_Exercise aim_
Everything from the first line of the data through the line with "Fourth Of July Wallpapers" is to be echoed exactly, minus the pictures.

_Dataset extract_

━━━━━━━━━━━━━━━━

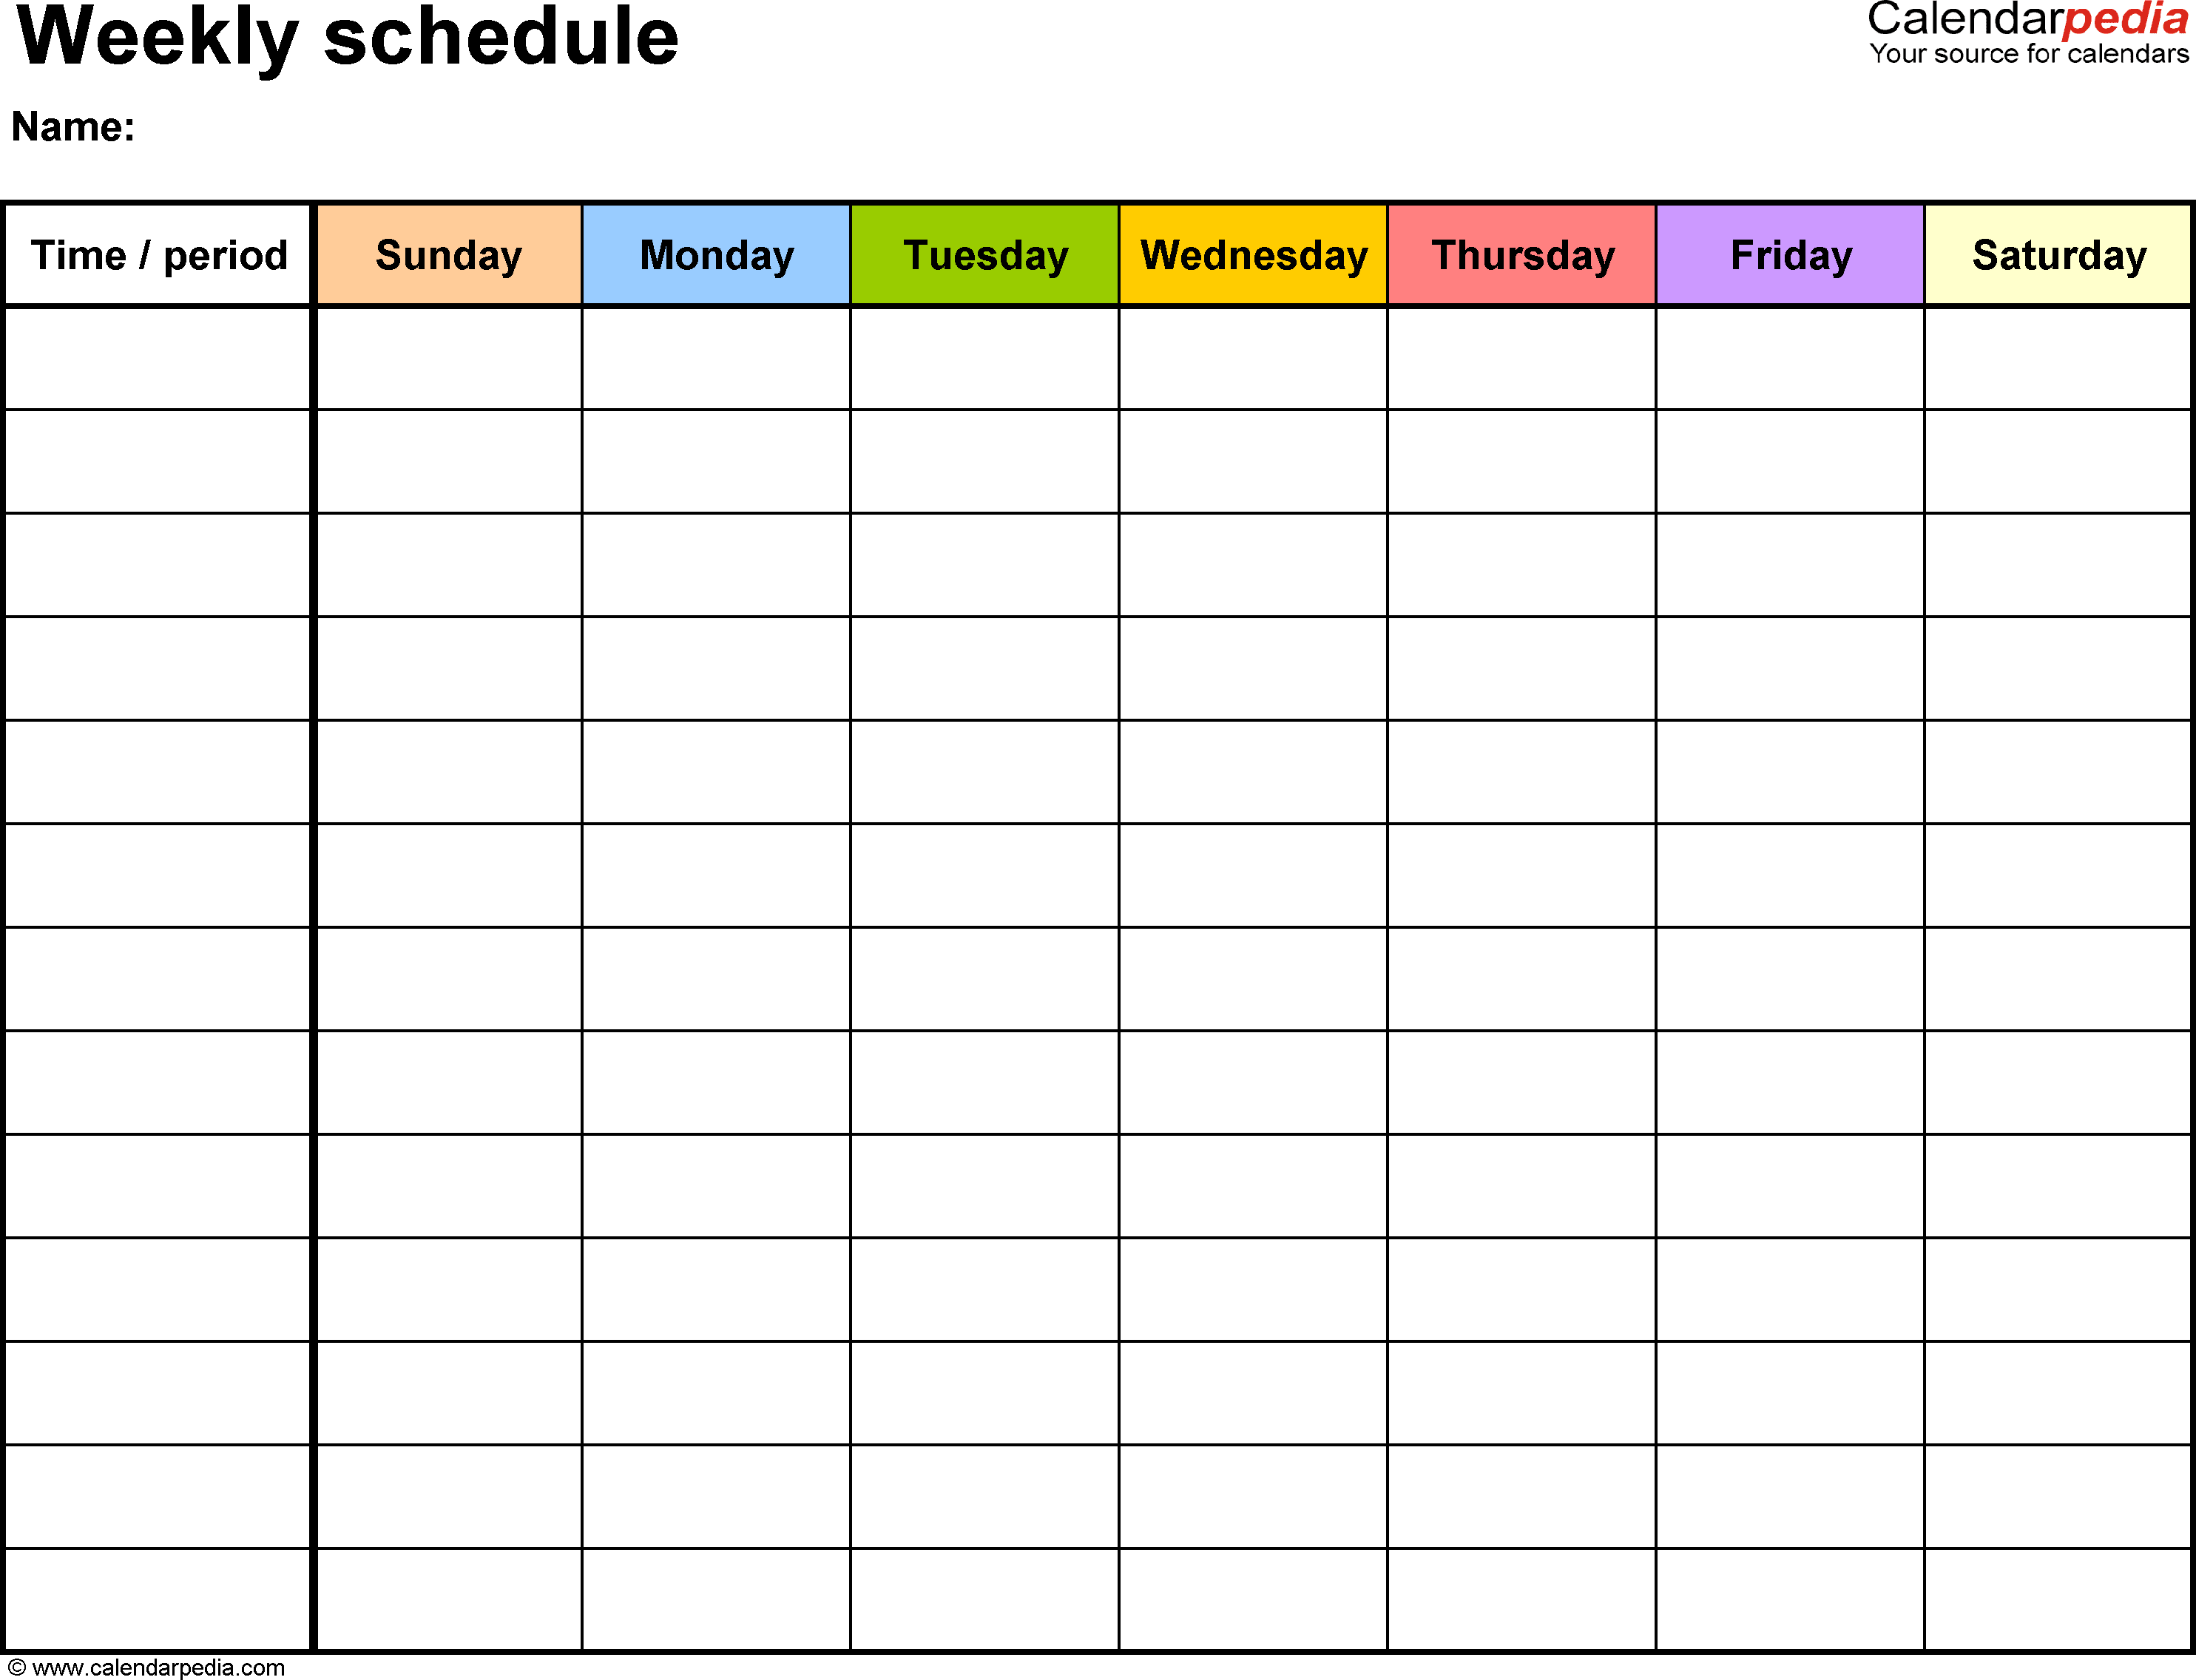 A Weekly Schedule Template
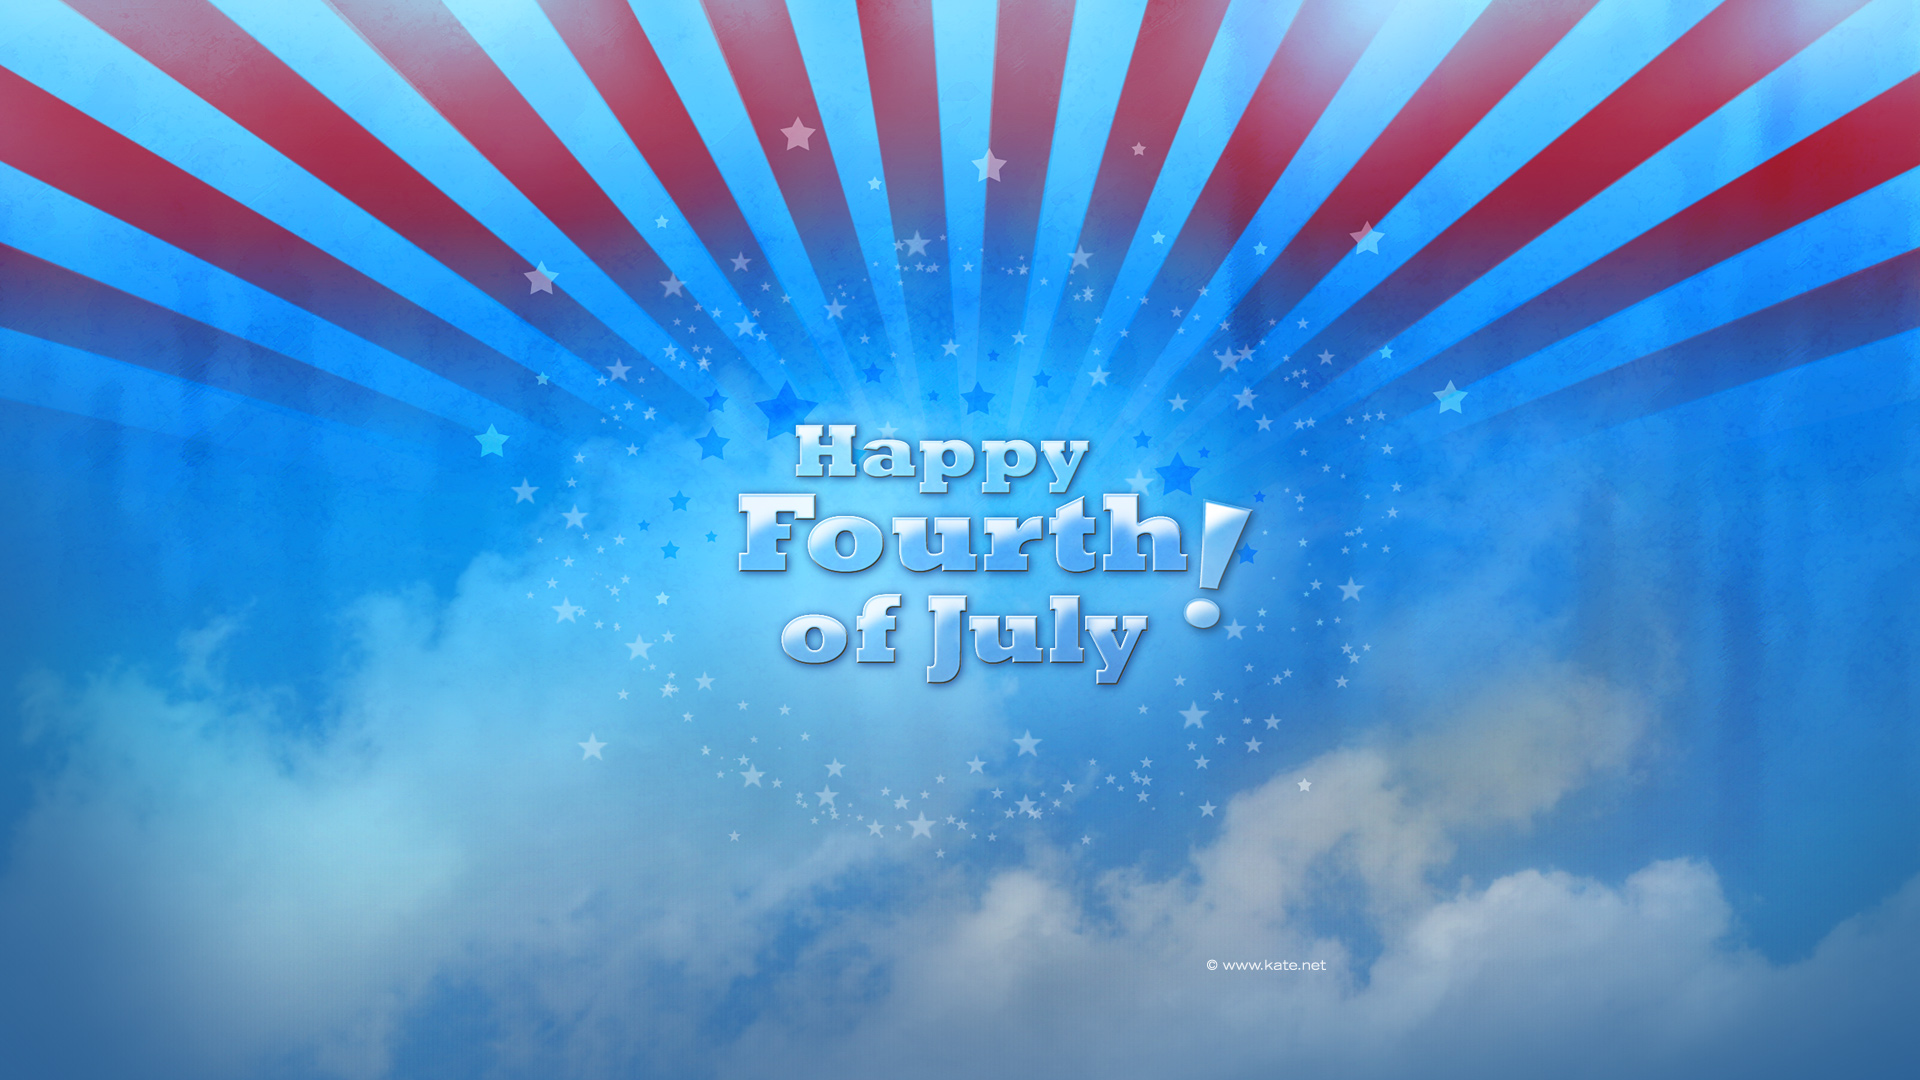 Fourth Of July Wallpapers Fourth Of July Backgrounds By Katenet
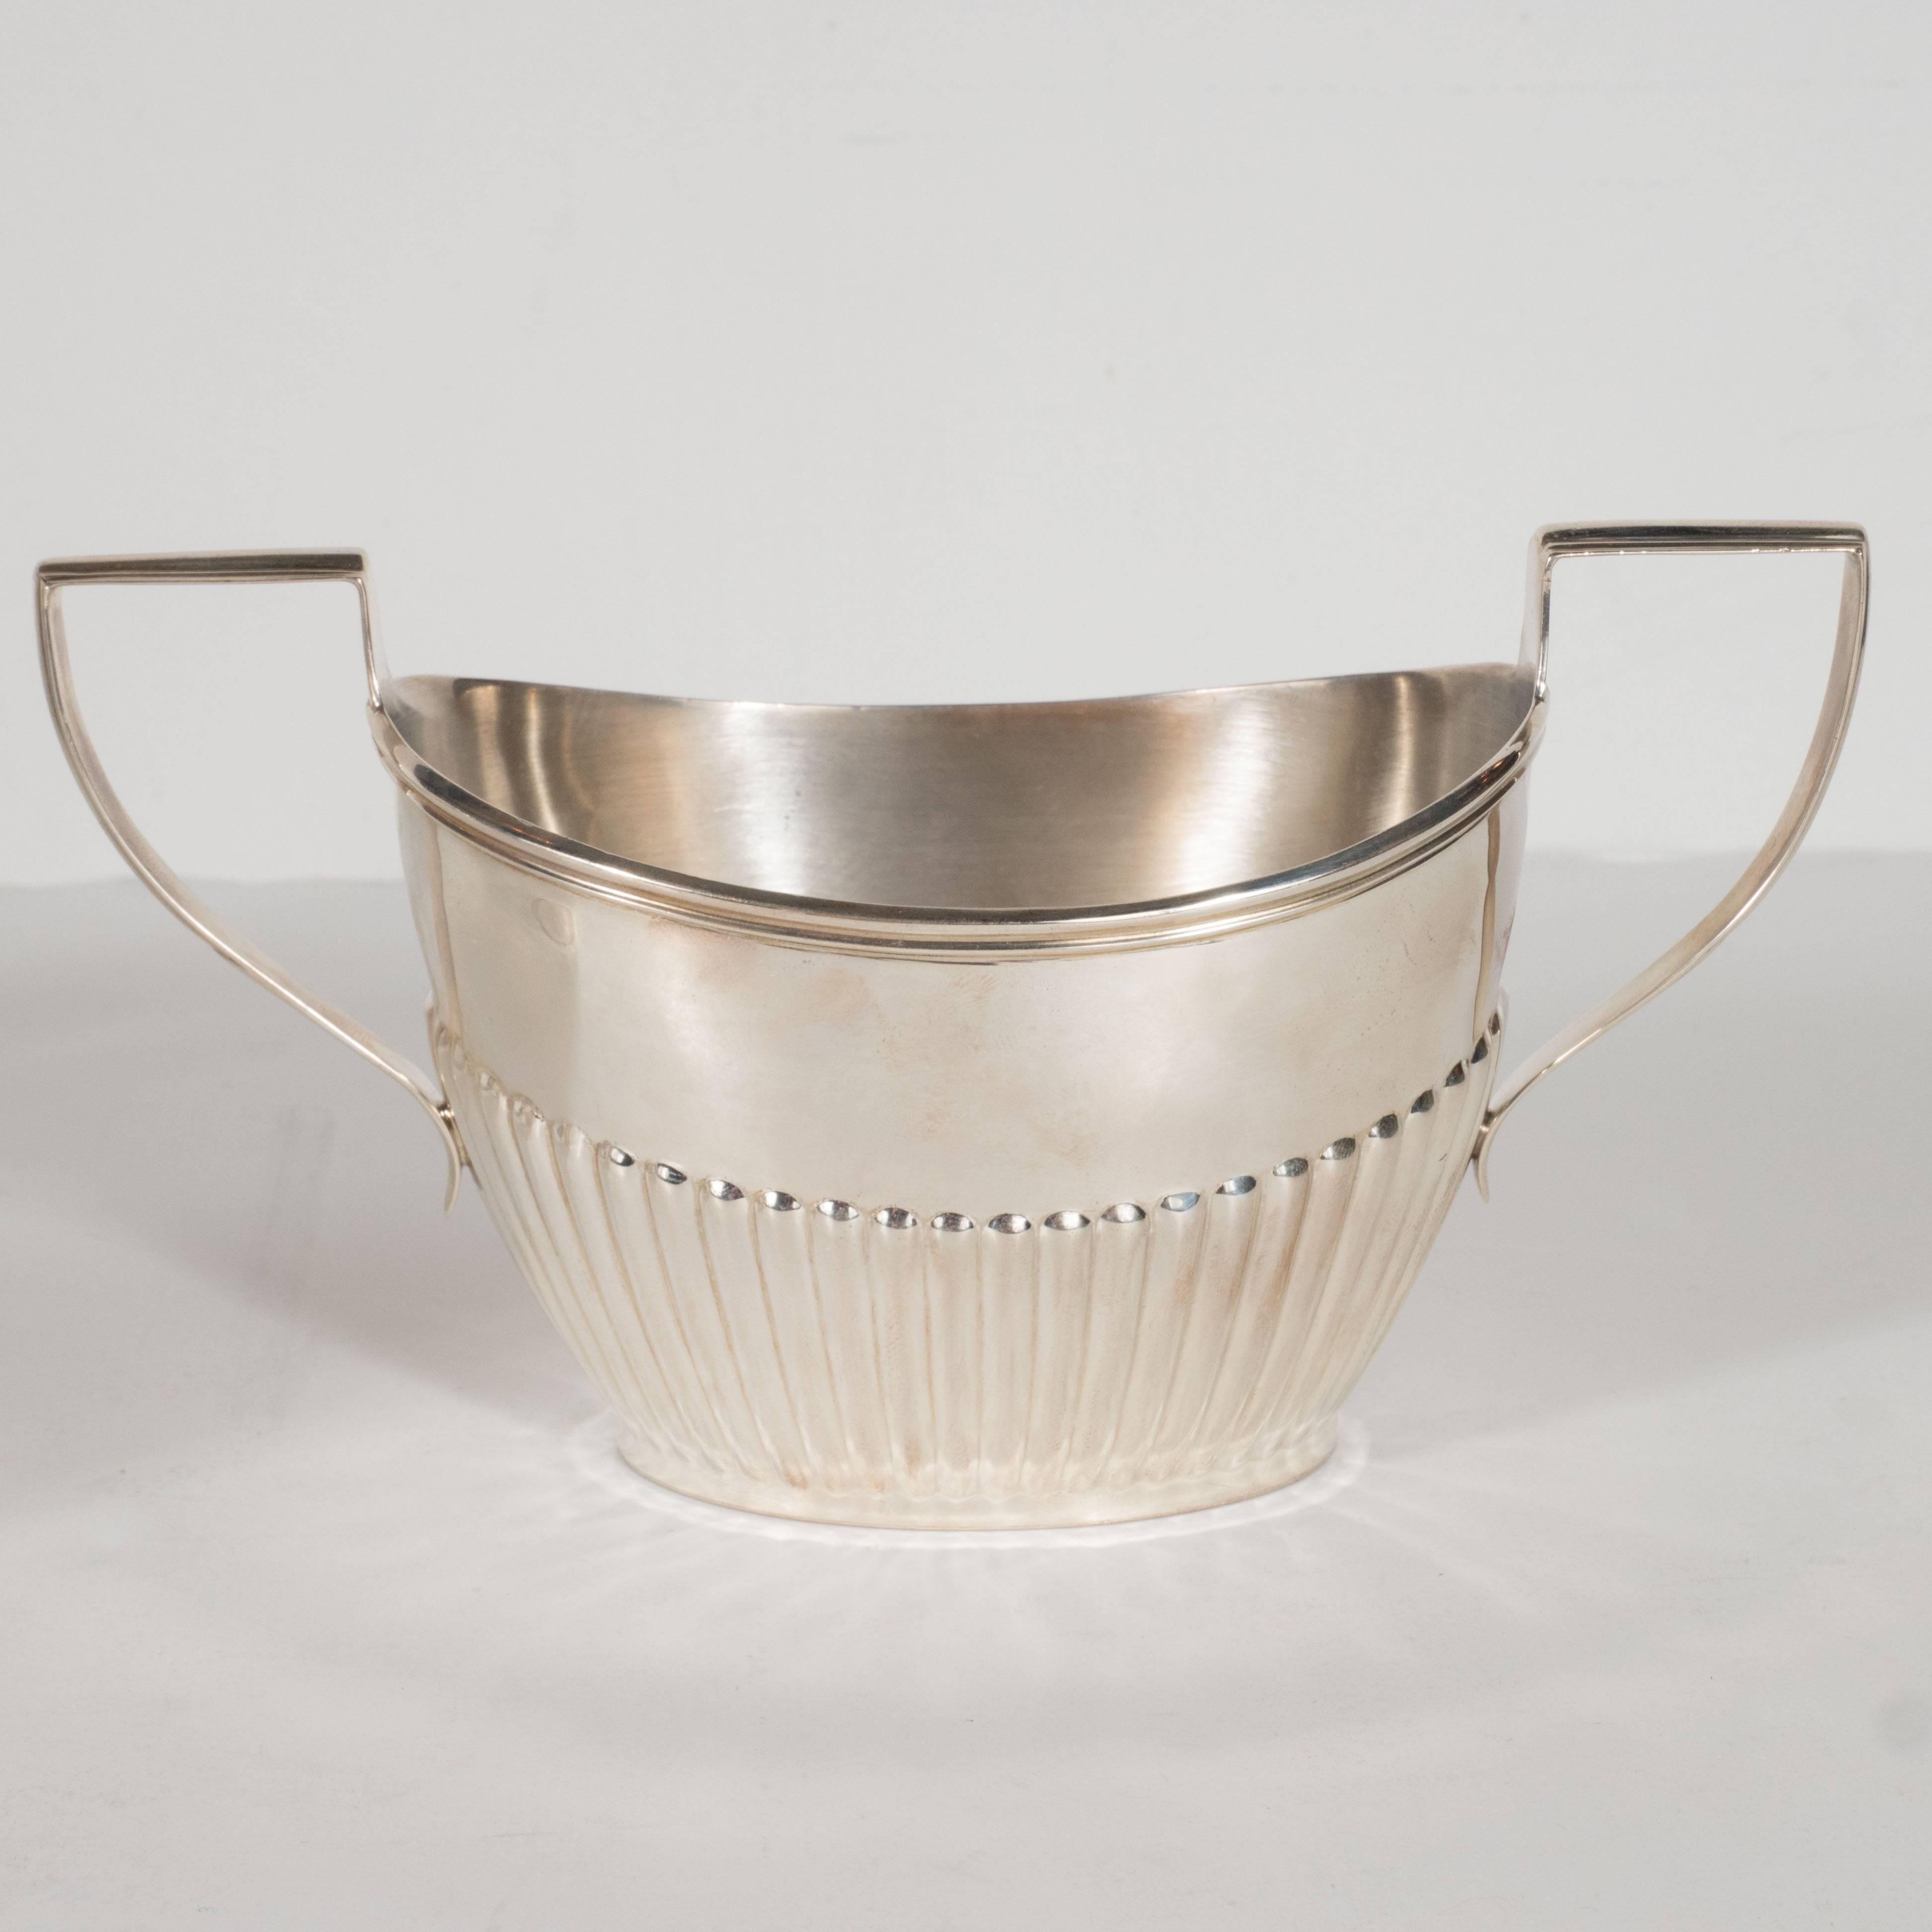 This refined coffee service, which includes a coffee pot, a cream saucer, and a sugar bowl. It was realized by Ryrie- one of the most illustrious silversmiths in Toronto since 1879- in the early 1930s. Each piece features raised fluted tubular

━━━━━━━━━━━━━━━━

_Solution_
 A Weekly Schedule Template
 Fourth Of July Wallpapers Fourth Of July Backgrounds By Katenet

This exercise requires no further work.